◆ DIRECTIONS FOR THIS TASK:
All pictures are to be dropped, and the remaining data set down exactly.

◆ INFORMATION SUPPLIED:
= = = = =
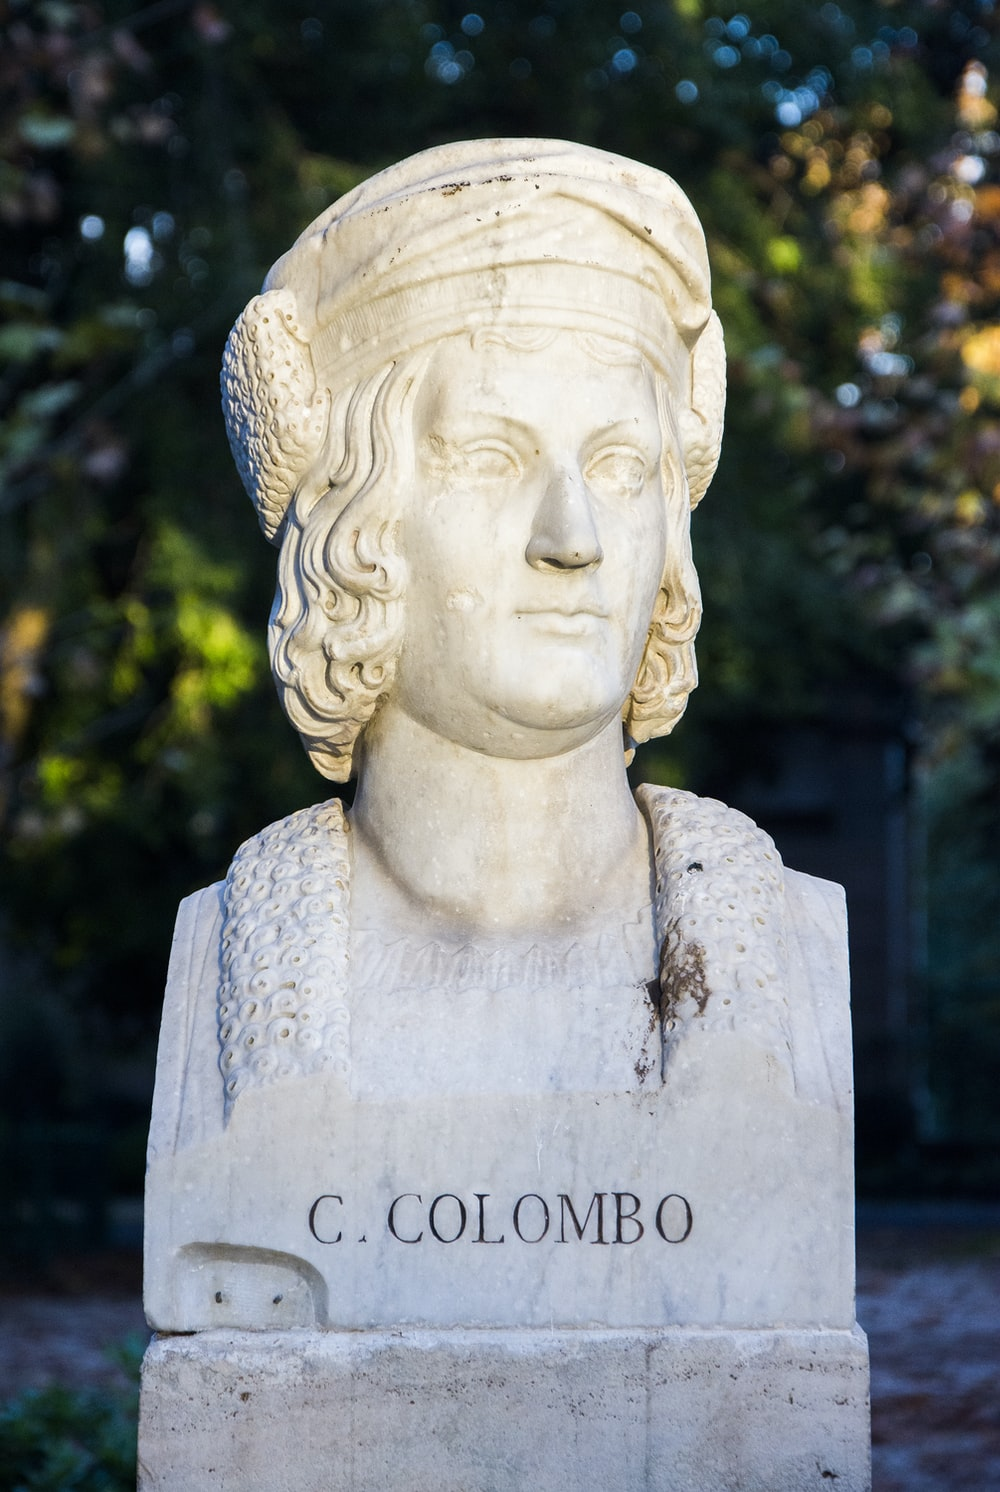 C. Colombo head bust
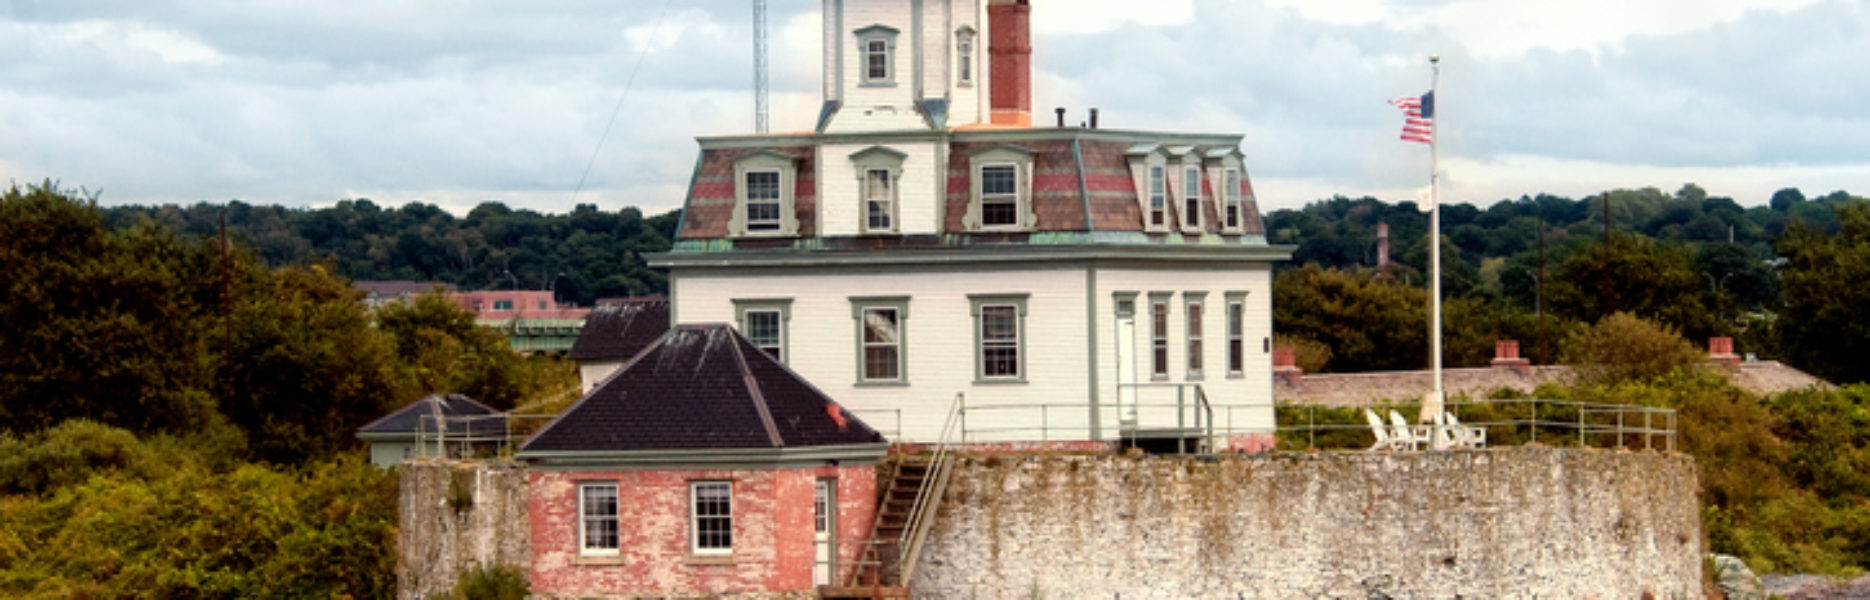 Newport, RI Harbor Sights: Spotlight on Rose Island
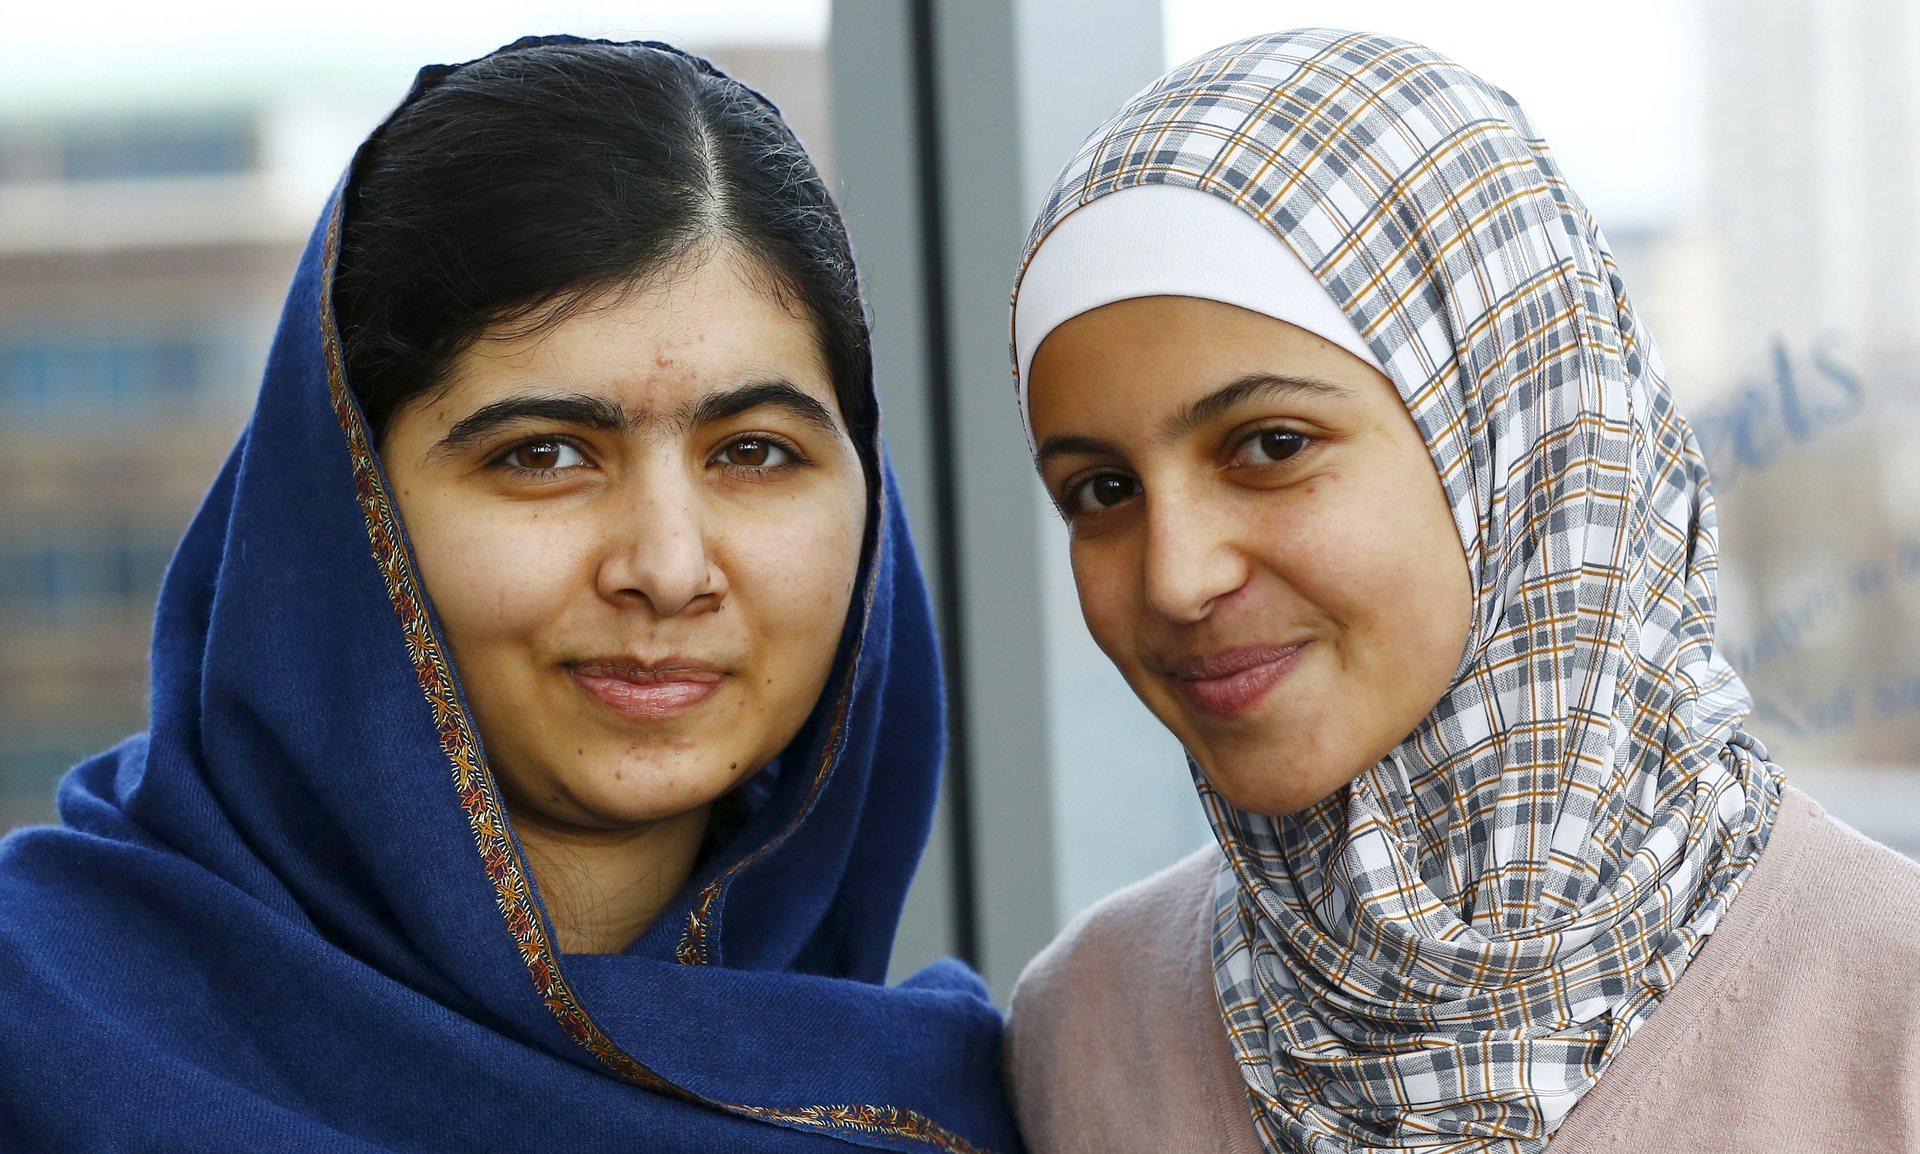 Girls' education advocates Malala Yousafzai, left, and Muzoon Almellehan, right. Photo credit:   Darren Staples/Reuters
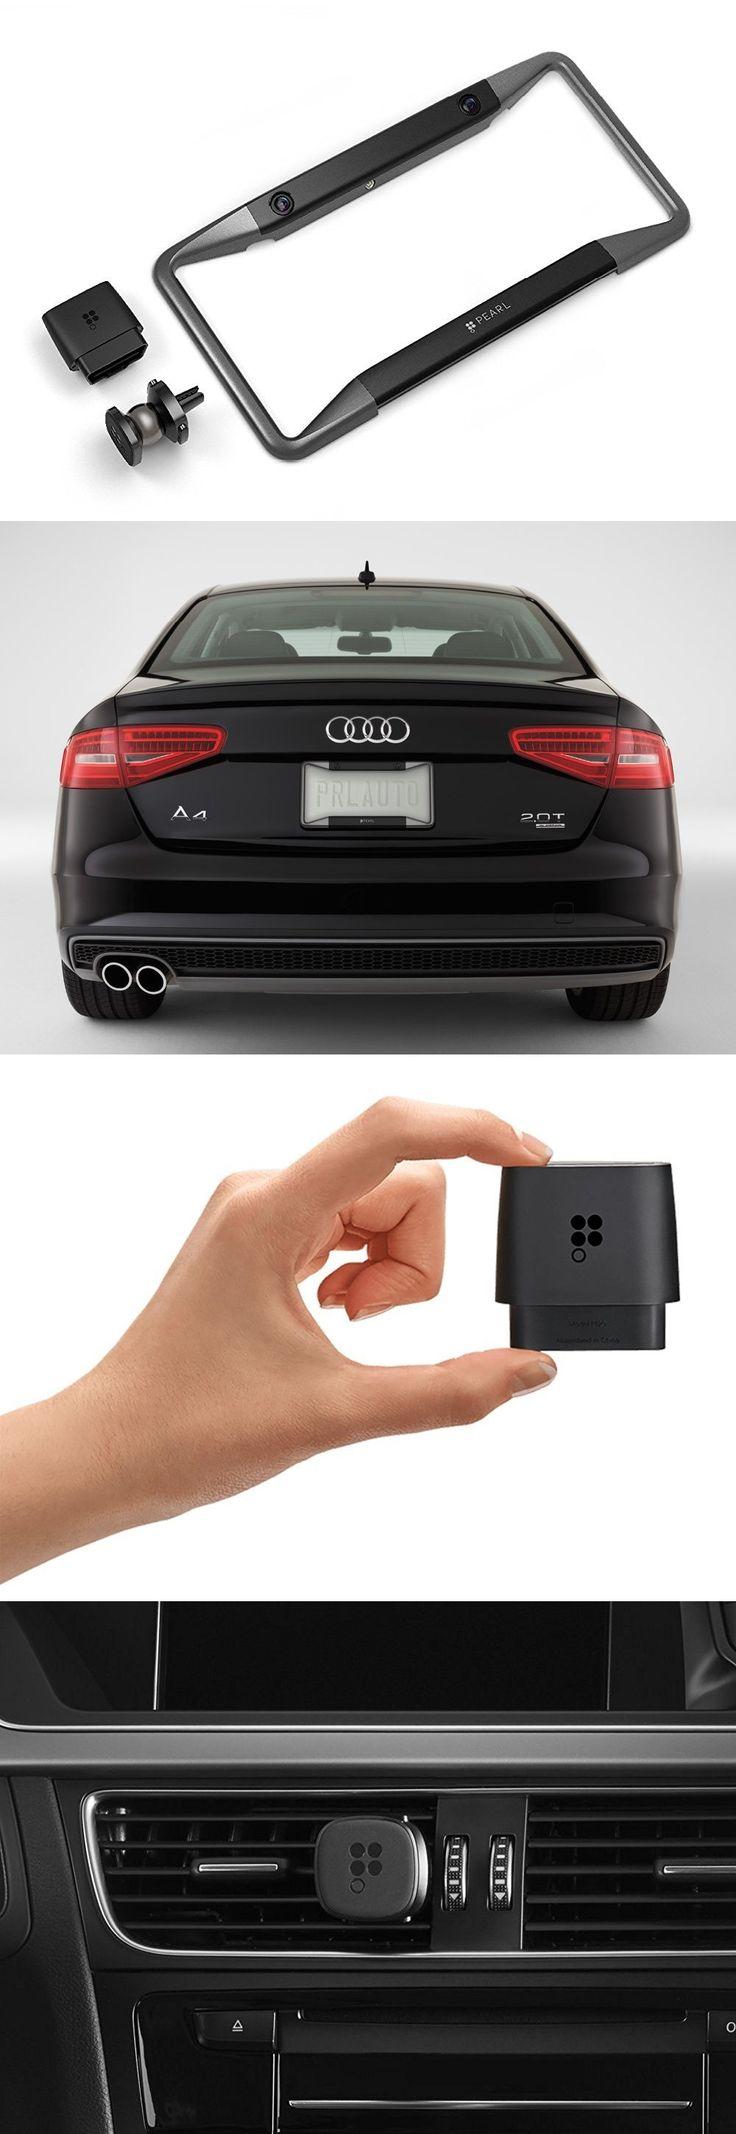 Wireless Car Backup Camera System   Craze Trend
= = = = =
◆ REPLY TO THE EXERCISE:
 C. Colombo head bust
 Newport, RI Harbor Sights: Spotlight on Rose Island
 Girls' education advocates Malala Yousafzai, left, and Muzoon Almellehan, right. Photo credit:   Darren Staples/Reuters
 Wireless Car Backup Camera System   Craze Trend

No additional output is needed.